The trial court relied upon Eisenbaum v. Western Energy Resources, Inc. (1990)
Eisenbaum , supra ,
We agree with the analysis in Deveny and apply it here. Regardless of the merits of Eisenbaum 's conclusion that Corporations Code section 25507, subdivision (a) requires actual notice, there is no reasoned basis for applying that conclusion here to section 22008(c). A claim based upon a violation of securities laws by a fiduciary is far different from a claim to adjust an incorrectly calculated pension benefit payment. Moreover, here, as was true in Deveny , the "discovery" language of *54section 22008 first appearing in its predecessor statute in 198813 was created long after "other statutes of *363limitations that included the term 'discovery' and that had been judicially construed as establishing an inquiry notice standard. [Citations.] 'Given the Legislature's presumed understanding of the judicial interpretation of the term "discovery" in other statutes of limitation, it is reasonable to assume that it would have used a word other than "discovery" if it intended for the limitations period to commence only upon actual knowledge of ' " the existence of the incorrect payment. ( Deveny , supra , 139 Cal.App.4th at pp. 422-423,
We therefore hold that the three-year limitations period for asserting a claim related to an incorrect payment due to a lack of information or inaccurate information under section 22008(c) commences upon actual or inquiry notice, i.e., when the claimant discovers, or in the exercise of reasonable diligence should have discovered, the incorrect payment.
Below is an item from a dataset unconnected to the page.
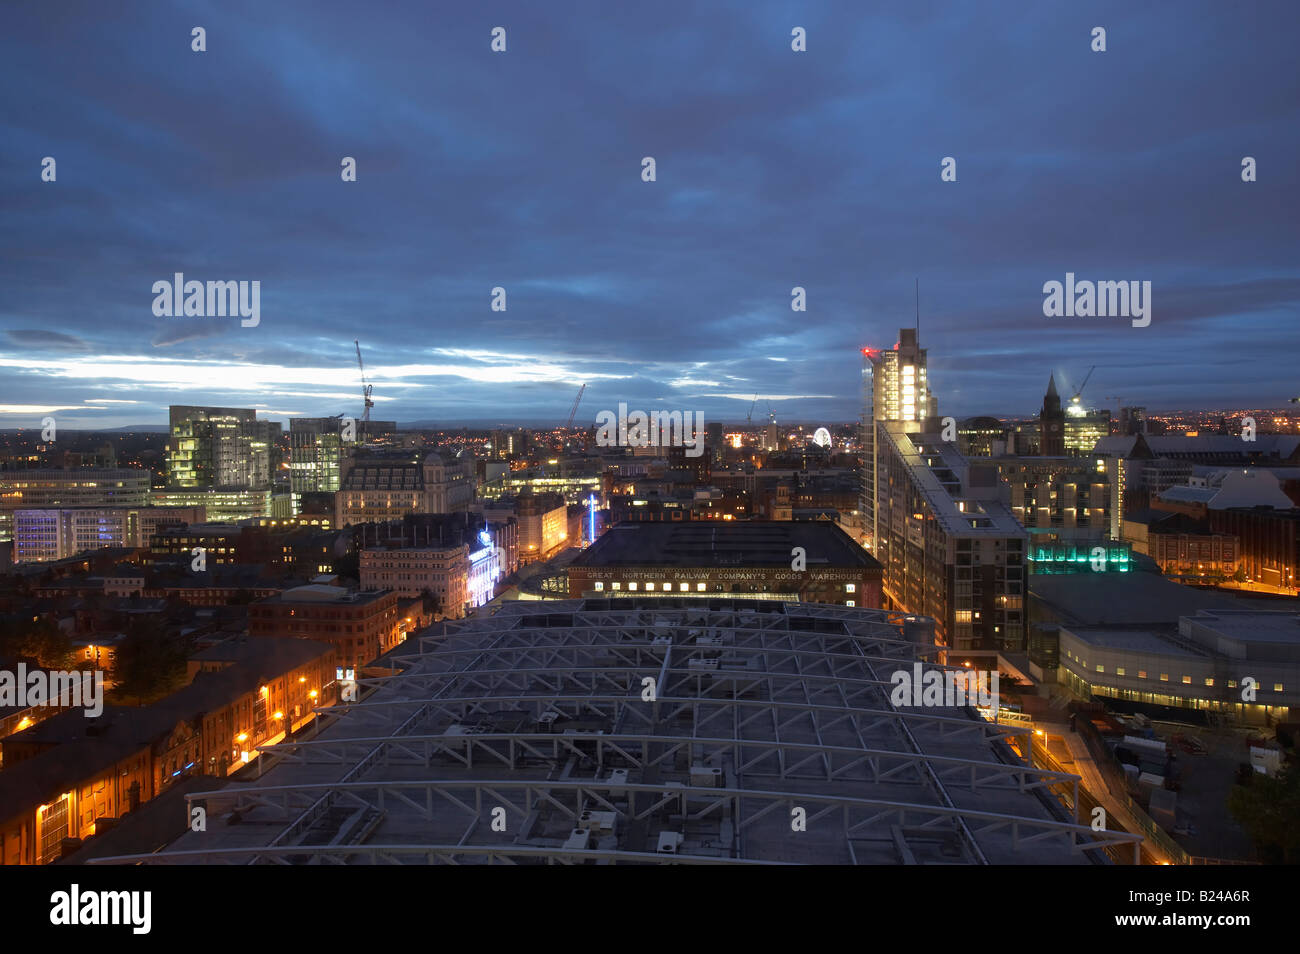 MANCHESTER SKYLINE NOTTE HILTON HOTEL BEETHAM TOWER DEANSGATE Foto Stock

C. Accrual of CalSTRS's Claim Here
1. Background
Using the date upon which CalSTRS actually discovered the existence of the overpayments to Teachers as the date of commencement of the statute of limitations-a legal standard we have determined to be erroneous-the trial court concluded that CalSTRS "discovered" the facts regarding the incorrect payments to Teachers on or about August 18, 2005. This was the date a memorandum was sent to MCOE from Cindy Fellows, a District budget analyst (the Fellows memorandum).
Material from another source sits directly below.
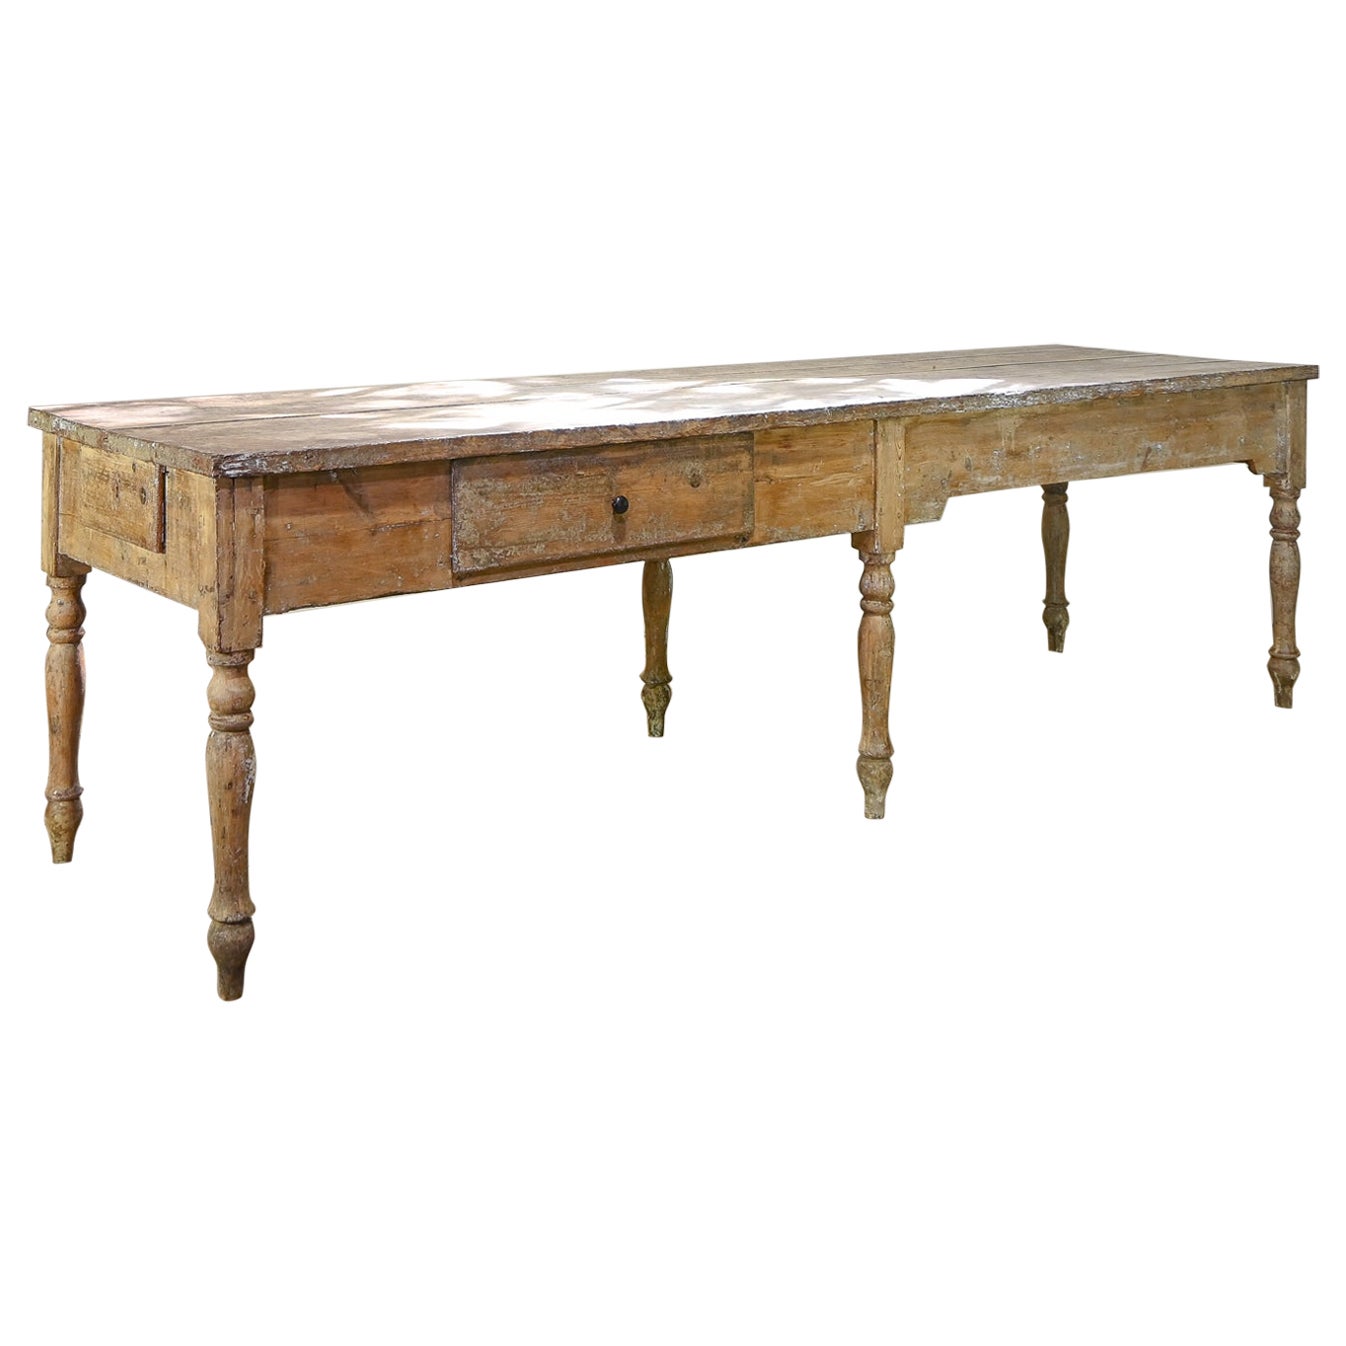 A Large 18th Century French Painted Farmhouse Dining Table For Sale

The Fellows memorandum, addressed "To Whom it May Concern," was sent to the Monterey County entity, MCOE, based upon the understanding that CalSTRS did not want communications to go directly to it, but rather wanted them to be sent to MCOE. The memorandum read, in pertinent part: "It has been brought to our attention that there are some questions regarding how the [D]istrict reports a sixth period class. In 1998, the Salinas Valley Federation of Teachers' Union (SVFT) negotiated to have a separate salary schedule for those certificated employees who worked longer days. [¶] The option is available to the whole certificated class of employees. There are approximately 40 to 50 employees each year that request to work a sixth *364period option .... [¶] Some schools are on a block schedule in which teachers work a total of 5 periods during the year. This is usually 3 periods the first semester and 3 the second semester, which results in a high retirement[ ] base since they worked the extra period the second half of the year. [¶] One of our *55employees, who retired this year, worked the extra block the second semester and when her retirement allowance was sent to her, it was based on the 1st semester earnings and not the second for the years 2003-2004. Any help in this matter would be appreciated .... [¶] Attached are the AB1200, union contract and salary schedules for 2003-2004 which reflect the SVFT and the [D]istrict's agreement to implementing the sixth period salary schedule. (AR 3203.)"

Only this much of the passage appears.